Фагор, у которого не дрогнул ни один мускул, а шевелился только рот, ответил:
— Узник накормлен, он сыт, сударь.
Двурогий страж советника говорил низким голосом, растягивая согласные и заставляя их вибрировать, отчего почтительное обращение прозвучало у него как 'шшжжударрь'. Запас олонецких слов двурогого был весьма скуден, но советник, испытывая отвращение к расе анципиталов, принципиально отказывался учить хурдху, дабы подчеркнуть это.

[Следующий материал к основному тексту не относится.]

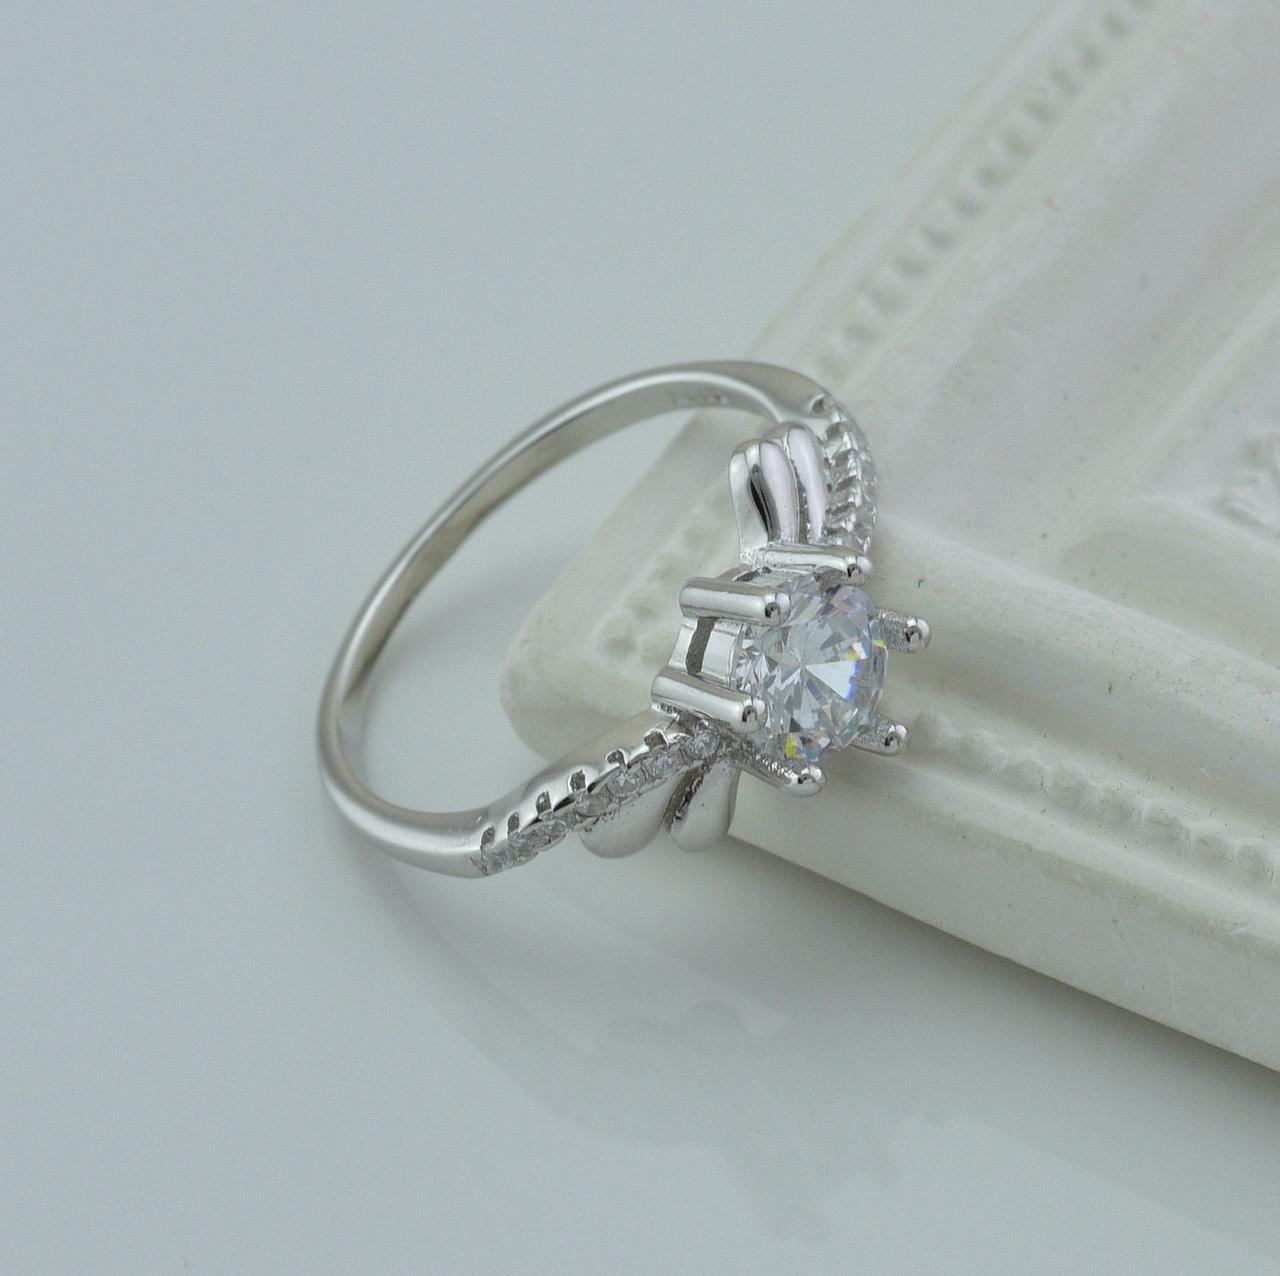 Серебряное кольцо размер 19.5 вставка белые фианиты вес 2.5 г

Среди полок, почти сплошь закрывающих стены его кабинета, имелся вместительный буфет. Шагнув к буфету, Лекс осторожно повернул его на скрытых петлях, открыв спрятанную позади железную дверь. Достав из кармана ключ, двурогий вставил его в скважину и не без труда повернул. Железная дверь отворилась; советник и фагор ступили внутрь тайной темницы.
Когда-то давно это был один из обычных покоев. Во времена правления ВарпалАнганола, вольно обустраиваясь в его дворце, советник приказал заложить внешнюю дверь этой комнаты, оставив и замаскировав снаружи только один вход, из своего кабинета. В окно будущей темницы была вставлена решетка с толстыми прутьями. Снаружи ничего заметно не было — зарешеченное окно терялось в аляповатой мешанине фасада древнего дворца. Комната специально предназначалась для персональных 'гостей' советника, насчет которых он решал не беспокоить короля. Выход отсюда у них был лишь один — в реку, с мешком на голове. Впрочем, уже много лет зловещая комната пустовала. Теперь же советник с удовольствием вспомнил о ней.
Здесь, в темноте, с жужжанием летали или сидели, словно спали в душном жарком воздухе мухи. Мухи ползали по столу, а также по рукам Билли Сяо Пина.
Билли сидел на стуле. Его ноги и руки были прикованы толстой цепью к массивному кольцу, вмурованному в пол. Его одежда пропиталась потом. Окно в камере никогда не открывалось, поэтому в ней стояла невыносимая духота и вонь.
Вытащив из кармана мешочек с скантиомом, пелламонтейном и другими ароматными травами, СарториИрвраш поднес его к носу, после чего указал фагору на смердящее отхожее ведро в углу комнаты.
— Вынеси это.
Лекс молча повиновался.
Взяв стоявший в камере стул, советник поместил его так, чтобы оставаться вне досягаемости любых возможных поползновений заключенного, и сел. Опускался советник на стул чрезвычайно осторожно, держась за ноющую поясницу и тихо ругаясь. Усевшись, он, прежде чем начать разговор, закурил длинную сигарету с вероником, ещё более сгустившую царившую здесь нездоровую атмосферу, что и сыграло роковую роль...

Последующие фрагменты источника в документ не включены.